Critics outside the United States, whether they view such comics as corruptive or simply diversionary, are turning to socialist cultures for truly educational forms of popular communication. Now that bourgeois intellectuals are beginning to recognize that popular culture in socialist societies might well offer a paradigm for the development of “alternative cultures” in the advanced capitalist countries, and socialist concepts are beginning to make headway in Third World countries hitherto dominated by capitalist values, we can examine the Chinese transvaluation of what is legitimately regarded as an essentially Western art form.

It is surely no accident that the first major publication in the West of contemporary Chinese comic strips should come to the West from Europe. In France and Italy over the last decade the comic strip, particularly the American kind, has come under the scholarly scrutiny it deserves.
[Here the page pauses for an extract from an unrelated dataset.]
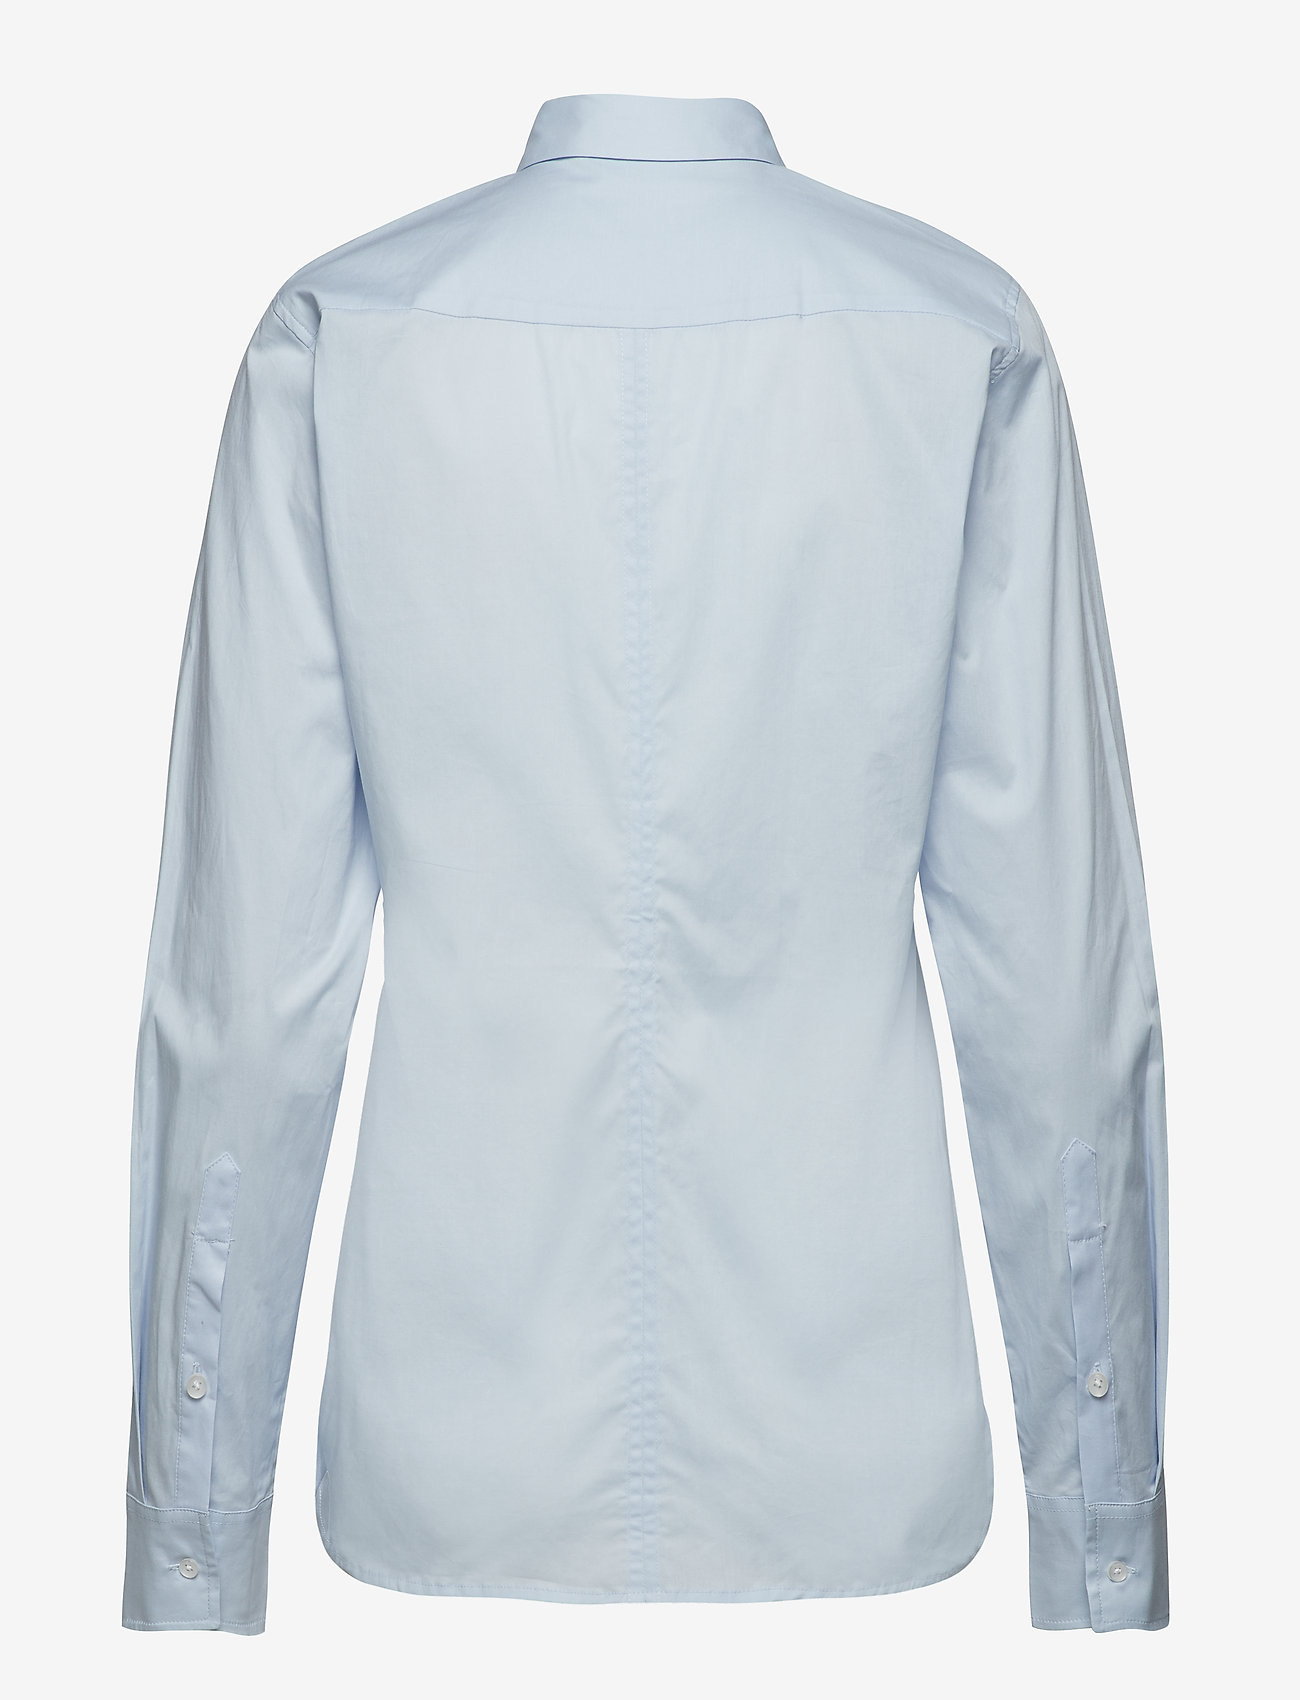 InWear Venus Shirt - Bluser & Skjorter PASTEL BLUE - Dameklær Spesialtilbud

Didactic pictorial narrative is not new to Chinese art,2 but with the late development of printing it was necessarily limited in its influence. After the Opium War, strips were distributed recounting contemporary events, printed on a single page or broadsheet (Image d’Epinal style). Massive dissemination began in the 1920s, at the same time as in Europe, where the American strip soon established an absolute predominance. The Chinese strips recounted popular traditional stories, and condensed versions of popular operas. By the 1930s some American fantasy strips were available, catering to Westernized elements of the bourgeoisie.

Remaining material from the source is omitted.